Python Scopes and Namespaces

20 Mar 2016

Understanding the namespace and scoping rules of a programming language is essential to using the language effectively. For Python, you can approach this subject in two ways: one is through reading its wonderful documentation; the other is to play with the language and enlightened. I will do both and summarize what I find.

Read The Docs

Reading documentation is the first important step in hacking and understanding how a software system works. That is why good documentation in software engineering is equally important as writing good codes. So here we go:

According to Python’s documentation about execution model, some definitions first:

What is a code block?

A block is a piece of Python program text that is executed as a unit. The following are blocks: a module, a function body, and a class definition. Each command typed interactively is a block.

A code block is executed in an execution frame. A frame contains some administrative information (used for debugging) and determines where and how execution continues after the code block’s execution has completed.

A code block (and only a code block can) creates a scope:

A scope defines the visibility of a name within a block. If a local variable is defined in a block, its scope includes that block.

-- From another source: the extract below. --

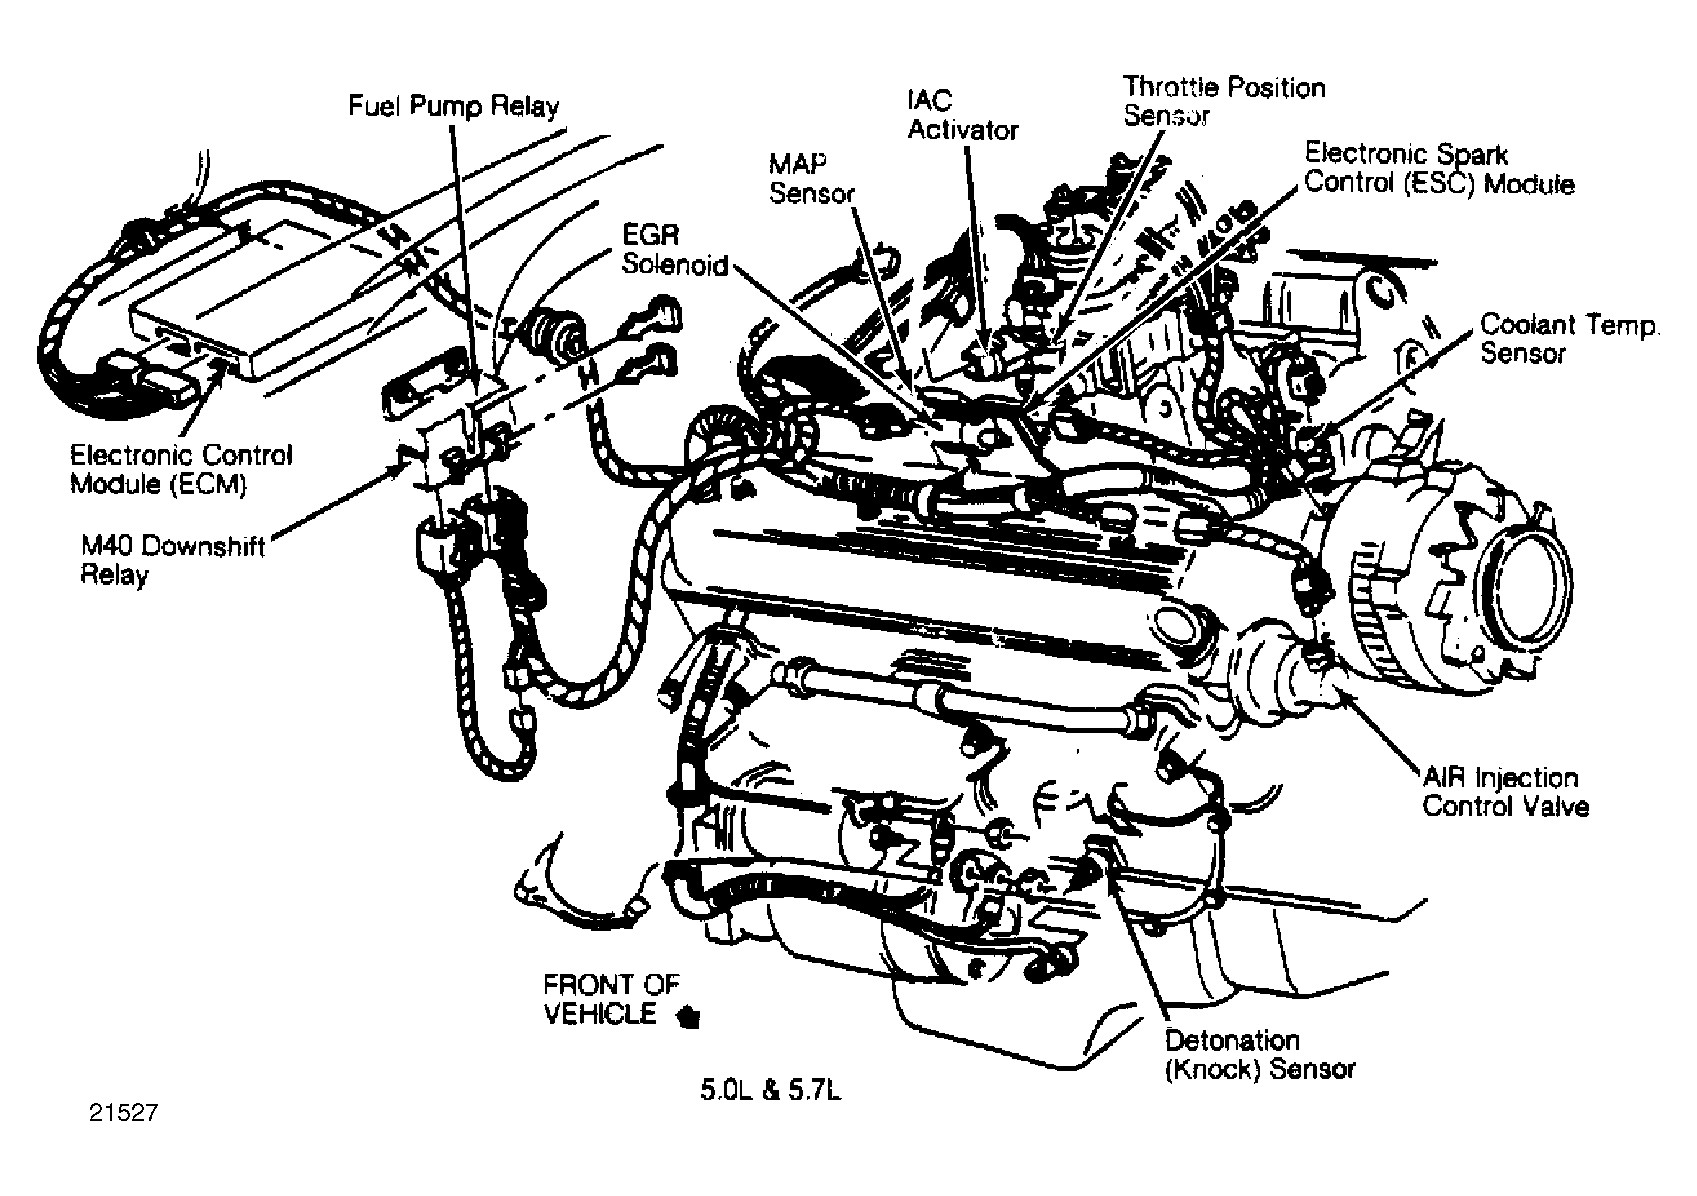 2000 Chevy Malibu Engine Diagram 1997 Chevy Malibu 3 1 Engine Likewise 2000 Chevy Malibu Engine Of 2000 Chevy Malibu Engine Diagram

If the definition occurs in a function block, the scope extends to any blocks contained within the defining one, unless a contained block introduces a different binding for the name (shadowing).

We now know what a scope is, how is the scope of a name determined? It is determined based on the principle of the nearest enclosing scope:

When a name is used in a code block, it is resolved using the nearest enclosing scope. The set of all such scopes visible to a code block is called the block’s environment. If a name is bound in a block, it is a local variable of that block. If a name is bound at the module level, it is a global variable. If a variable is used in a code block but not defined there, it is a free variable (for example, a global variable used in a function body, but not defined in the function).

To be more specific about the scoping rules, some people call it LEGB which stands for Local, Enclosed, Global and Builtin. That means names are searched in that particular order (LEGB) to determine the scopes they belong to; such concept can be found in the Python tutorial written by the Python creator himself.

Hands-On Experiments

Now let me get my hands dirty to sink the information in deeper in my brain. First start with something simple:

# a global scope and a function scope
ng = 'a global'

def f():
    nl = 2
    print ng, nl

f()

The output is:

a global 2

In the example above, variable ng was a free variable in function f. Python interpreter first tried to find ng within the local scope created by function f, but it could not, then it searches the next enclosing scope, which is already the global scope, and it found ng which was bound to value a global. No surprise whatsoever. Now something more interesting:

# a global scope and a function scope
ng = 'a global'

def f():
    nl = 2
    print ng, nl
    ng = 3
    print ng, nl

f()

Produced output:

Traceback (most recent call last):
  File "./scopes.py", line 14, in <module>
    f()
  File "./scopes.py", line 8, in f
    print ng, nl
UnboundLocalError: local variable 'ng' referenced before assignment

Wow! This is surprising if you come from other programming languages that properly implement lexical scopes. The behavior above says that variable ng is ‘declared’ locally by name-binding (assigment statement) operation and is visible within the entire local function scope and therefore ng no longer referes to the global ng variable anymore (that is why the first reference to ng became accessing an unbound local variable)!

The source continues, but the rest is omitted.